Monday, 26 May 2008

Anne Tyler: Line and Length

I've just finished reading an Anne Tyler - The Amateur Marriage. It was the first I'd read in a few years, having slightly overdosed on her, and I am very glad I picked it up. Nick Hornby has called Tyler 'the best line-and-length novelist in the world' (this, I should explain for American readers, is a cricketing term which applies to bowlers who reliably land the ball close to the batsman and in line with the stumps) - and she does indeed have the solid, reliable virtues that so many of today's novelists woefully lack. All those virtues are evident in The Amateur Marriage.
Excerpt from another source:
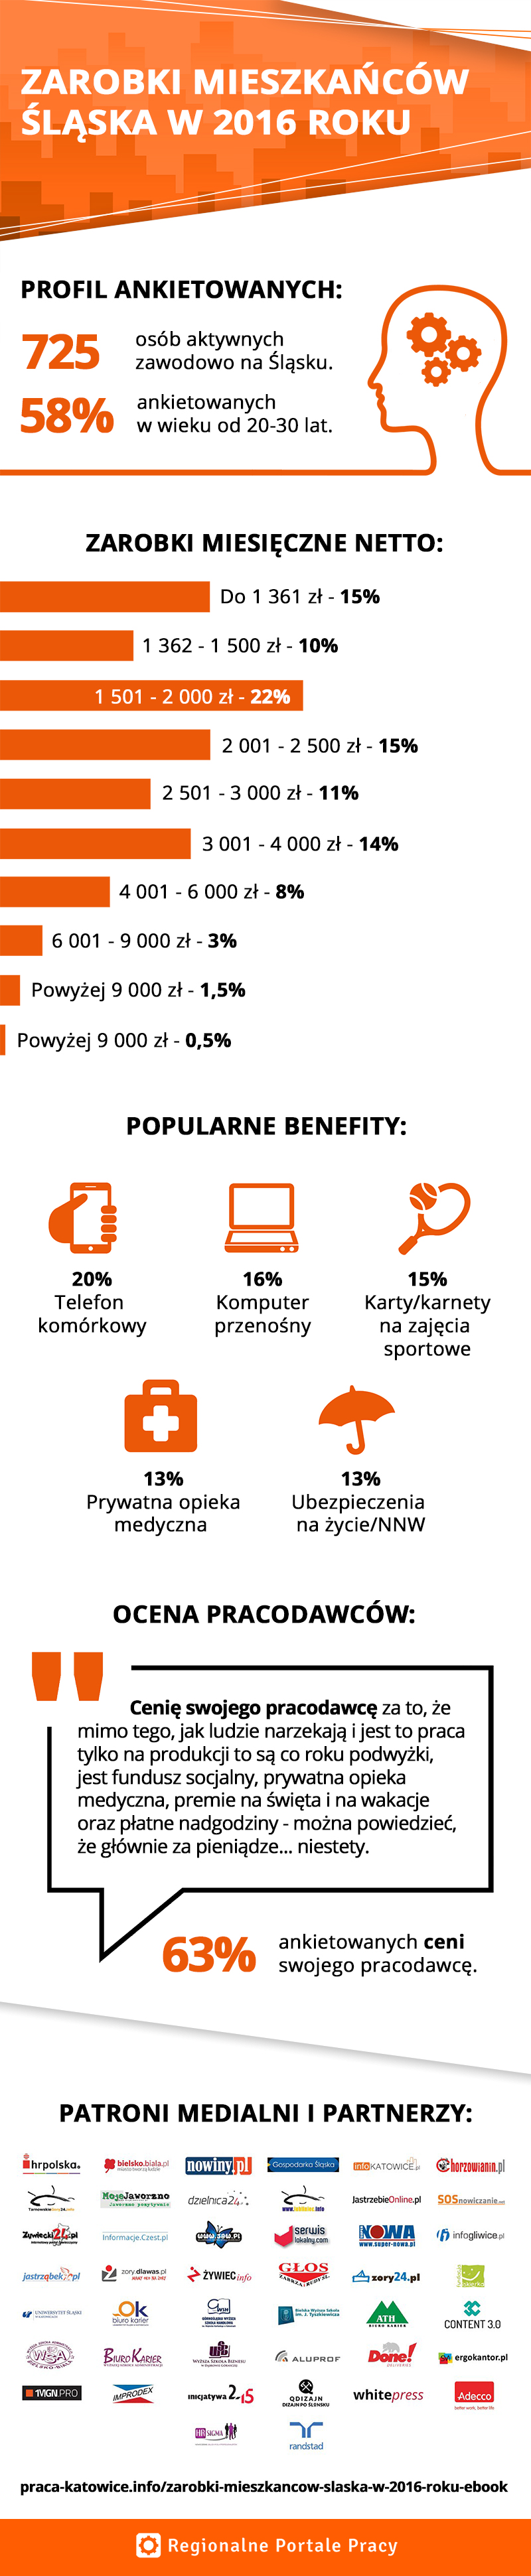 infografika - zarobki mieszkańców Śląska 
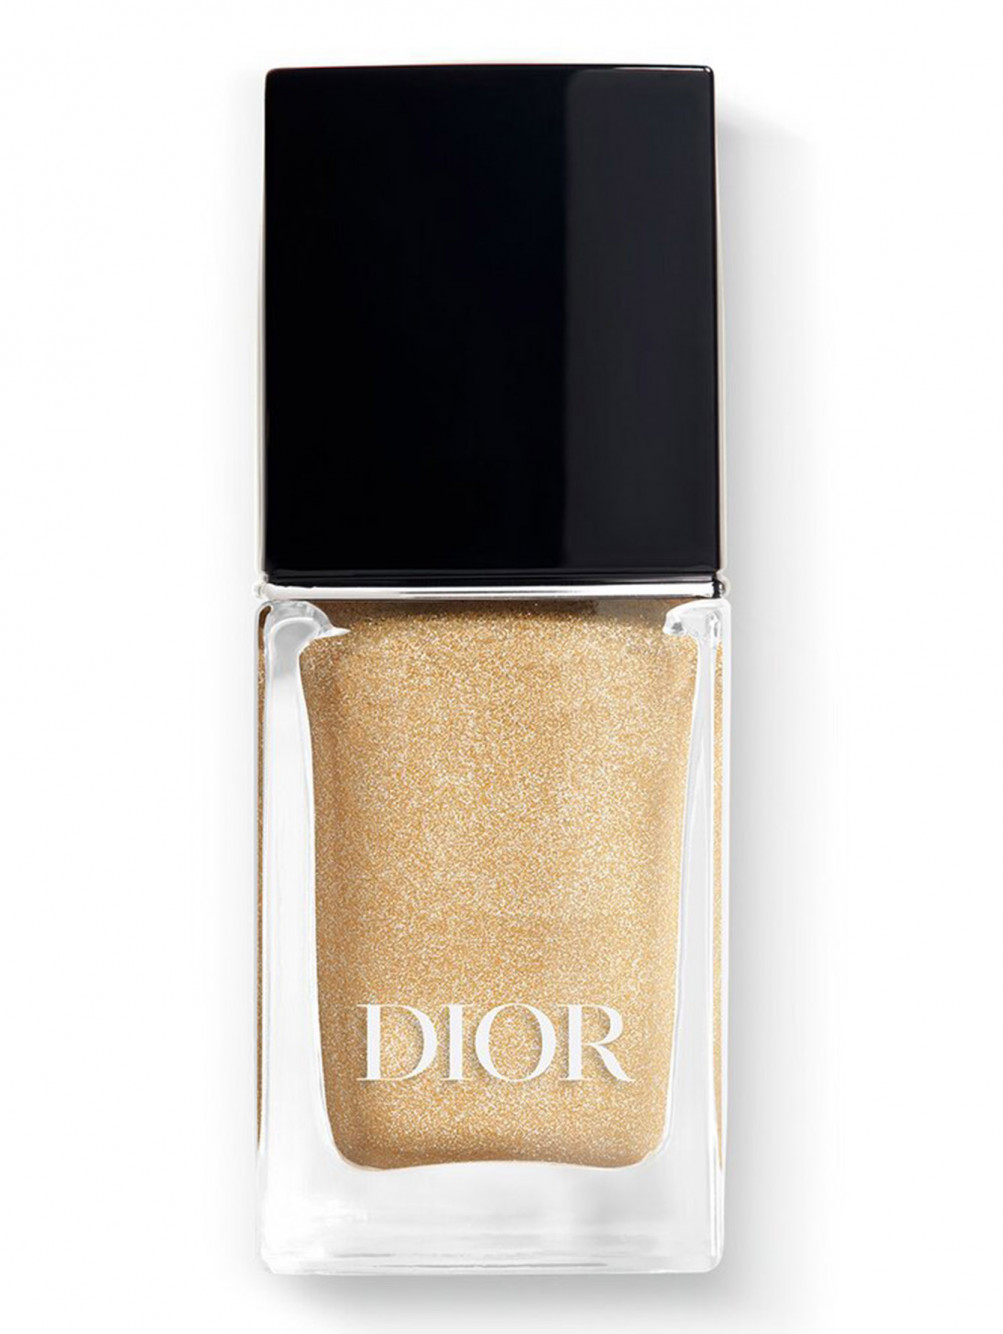 Лак для ногтей с эффектом гелевого покрытия Dior Vernis, 513 Ж'адор, 10 мл - Общий вид

Her characters come alive in a way few writers manage - yes, they are drawn from a repertory company that gets replayed with variations, but each of them is someone you would know if you met them on the street. In the old phrase, they 'walk off the page'. Her psychological insights are often startlingly acute. She creates, with minimal fuss, an entirely credible world around her characters and deftly manages a narrative that is essentially driven by who they are. The Amateur Marriage works by particularly clever and subtle manipulation of point of view, across a series of vignettes that cover six decades.
Tyler is, as John Updike once said, 'not just good, but wickedly good'. Her masterpiece, Dinner at the Homesick Restaurant, is surely up there with the greats, but she is probably underrated because her subject matter is too close to 'ordinary' people's experience, her books are too popular, and she works in a disciplined way on a narrow canvas (but so did Jane Austen). Oh and she does write rather too much - but The Amateur Marriage is not one to be missed. I'm glad I came back to her.

5 comments:

  1. Thanks for the tip, Nige. Like you, it has been a few years since I read something by Tyler. It seems to me the most important of the reasons your list for her being underrated is that "her books are too popular."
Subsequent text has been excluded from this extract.